Tryptophan metabolism is an additional important avenue through which TCM polysaccharides regulate the gut-immune axis. Tryptophan is converted into indole and its derivatives under the action of the bacterial community, activating the AhR signaling pathway. Ginseng neutral polysaccharides have been shown to markedly increased the content of indole derivatives in the intestines of aged mice and activate the AhR pathway (66). After activation, AhR can promote IL-22 secretion, stimulate the proliferation of intestinal epithelial cells and mucus production, enhance tight junction protein expression, reduce intestinal permeability, inhibit the NF-κB signaling pathway, alleviate intestinal inflammation and promote intestinal stem cell self-renewal and differentiation (66). These metabolites act as ligands for AhRs and serve a key role in the regulation of the intestinal immune balance, forming a complete functional chain of ‘polysaccharide-microbiota-metabolite-host’.

A number of preclinical studies have shown that TCM polysaccharides have a notable therapeutic effect on UC (118,119). Huangqin Decoction (HQD) and Gegen Qinlian Decoction (GQD) are classic TCM formulas recorded in Shang Han Lun, which have been extensively applied in gastrointestinal diseases and show marked efficacy against UC. HQD, consisting of four herbal ingredients, alleviates UC by regulating gut microbiota, amino acid metabolism, mTOR signaling and the intestinal epithelial barrier. GQD and its modified preparation ameliorate chronic UC through repairing intestinal mucus barriers, inhibiting NLRP3 inflammasome activation and reducing pro-inflammatory γδT17 cell responses.
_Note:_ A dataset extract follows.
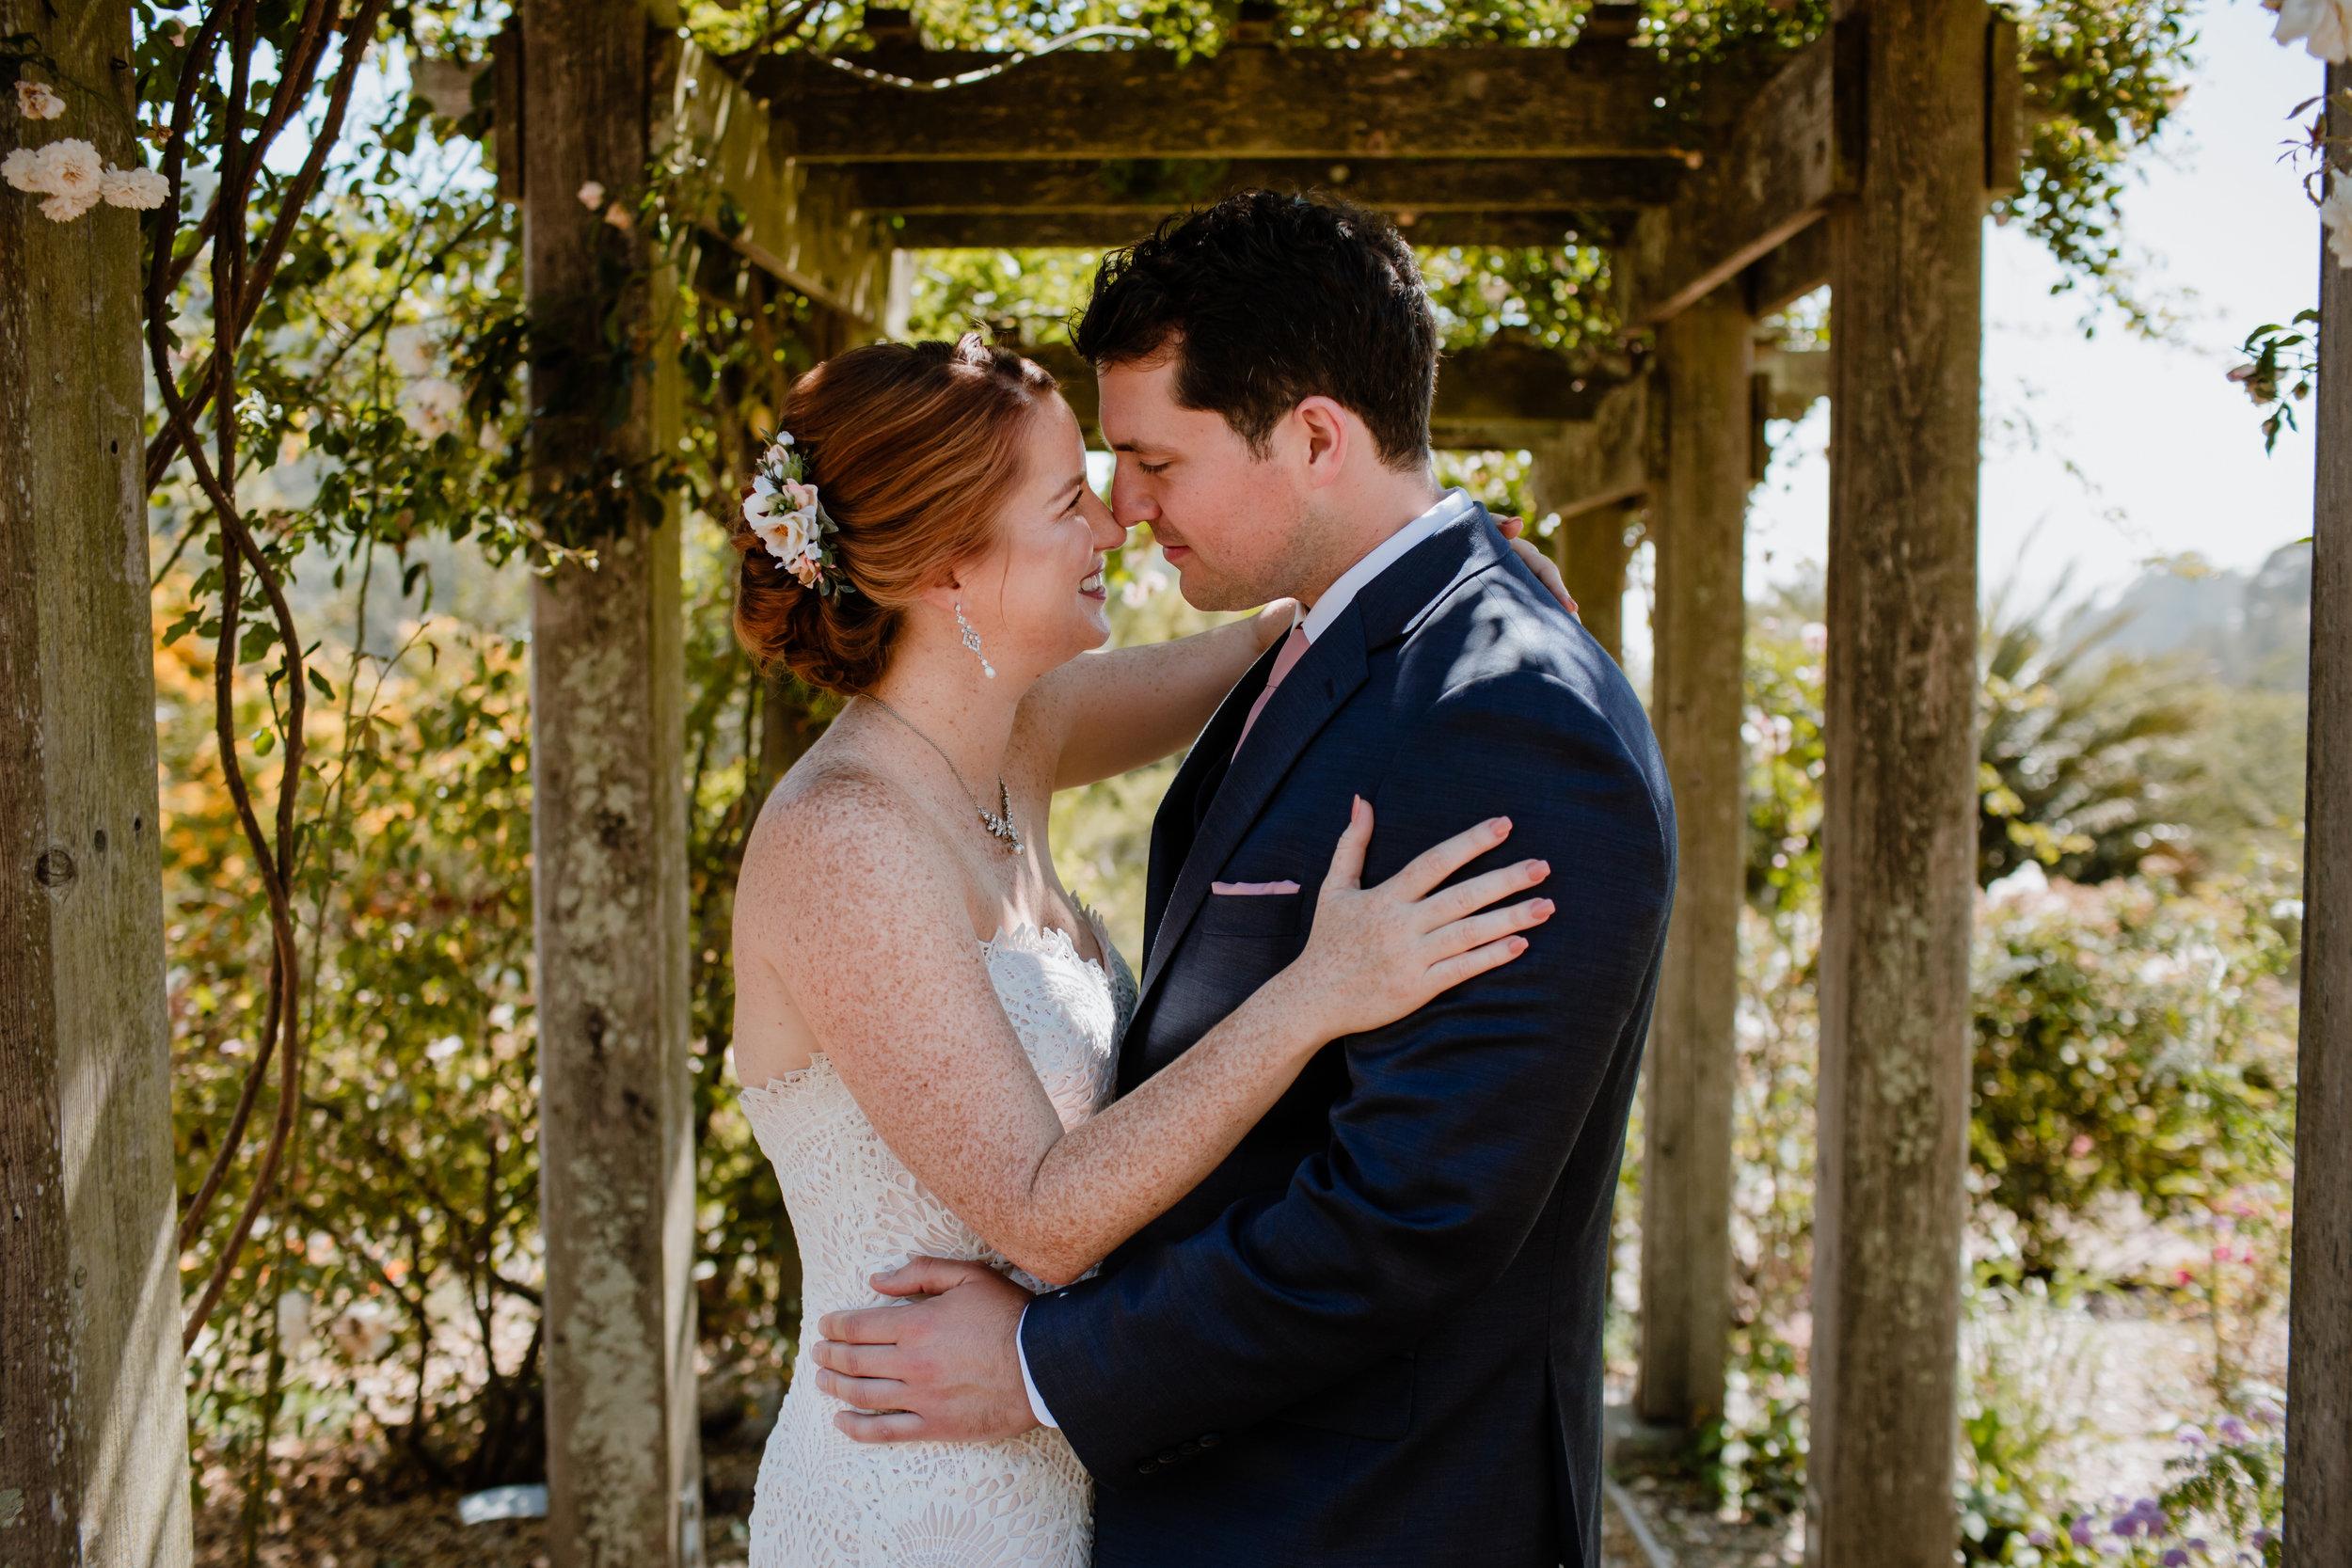 Shauna + Craig UC Berkeley Botanical Gardens Outdoor Wedding - Eve Rox Photography-14.jpg
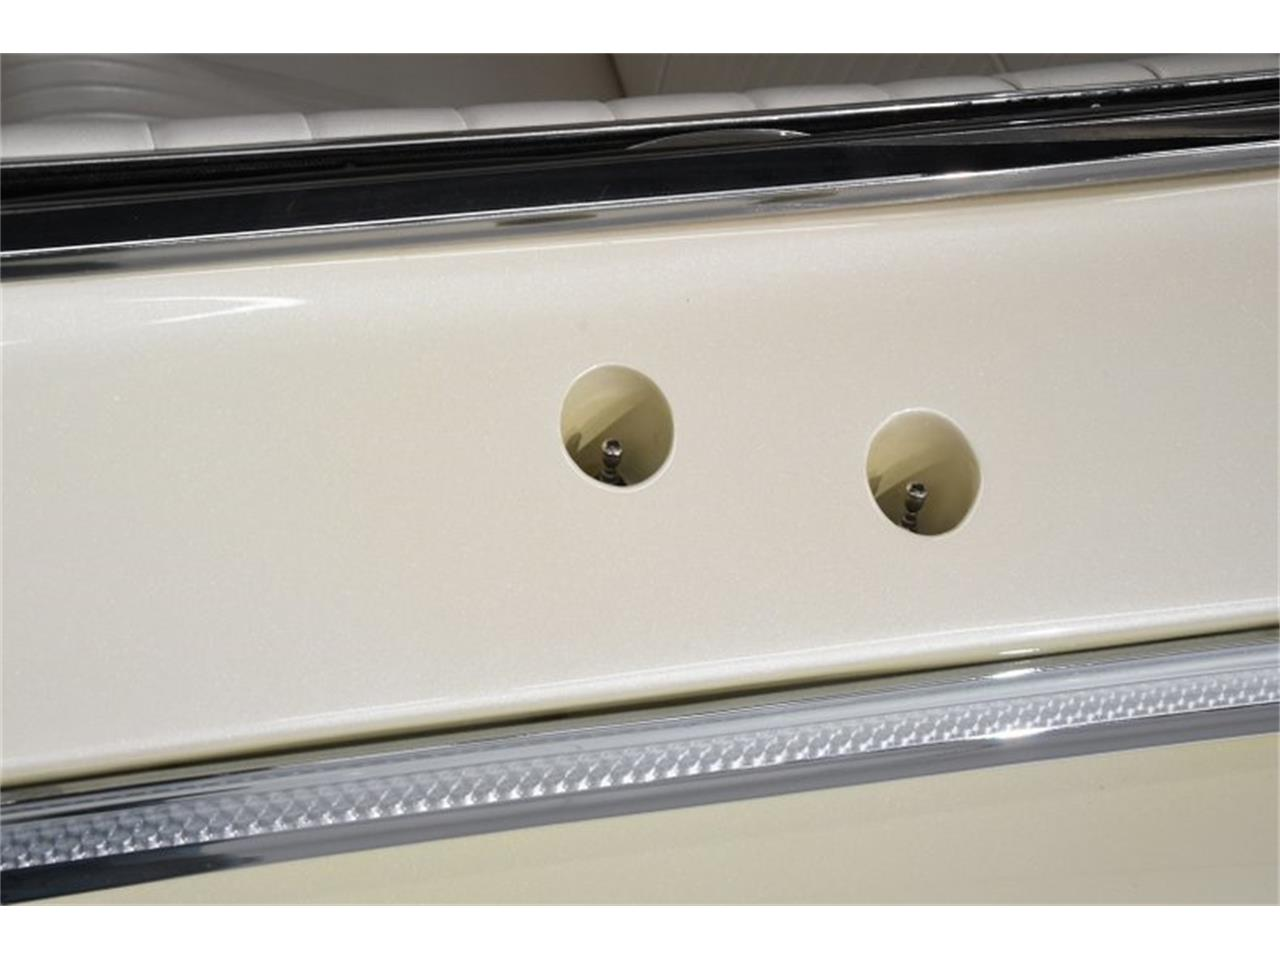 Large Picture of Classic 1962 Impala located in Illinois - $51,998.00 - QIVA

However, the majority of recent studies remain at the animal experimental stage, lacking large-scale randomized controlled clinical trial data to verify the exact efficacy and safety of these polysaccharide components.

Therapeutic application of TCM polysaccharides in UC remains largely confined to animal models and preclinical studies. This limited progress may be attributed to a number of key factors (120), such as their large molecular size and high hydrophilicity, which notably reduce their transmembrane efficiency. In addition, structural damage and activity loss caused by exposure to gastric acid, bile salts and digestive enzymes, may lead to diminished efficacy. Lastly, a lack of colon-targeting specificity hinders their enrichment at inflammatory sites to achieve effective therapeutic concentrations.

With regard to the oral route, polysaccharides can be engineered into charge-targeted nanoparticles. A representative approach may involve the development of amphiphilic prodrug nanoparticles from the Codonopsis polysaccharide (34). This design exploits the positively charged, protein-rich microenvironment of the inflamed colonic mucosa to markedly enhance nanoparticle adhesion and retention. With a typical diameter of ~180 nm, these nanoparticles readily penetrate the mucus layer and accumulate in diseased tissues through the enhanced permeability and retention effect. Consequently, systemic circulation is markedly prolonged. This is evidenced by an extended half-life of ~25 h. In addition, bioavailability is notably improved, with this being reflected by an increase in the area under the curve value. In parallel, rectal administration uses in situ thermosensitive gelling systems such as hydrogels composed of BSP, chitosan and β-glycerophosphate (35). These systems undergo a reversible sol-to-gel transition at body temperature, completely avoiding upper gastrointestinal degradation and hepatic first-pass metabolism. In addition, the incorporation of mucoadhesive components, such as thiolated hyaluronic acid, enables the formation of disulfide bonds with the colonic mucus layer. This interaction extends local retention beyond 48 h and ensures controlled drug release.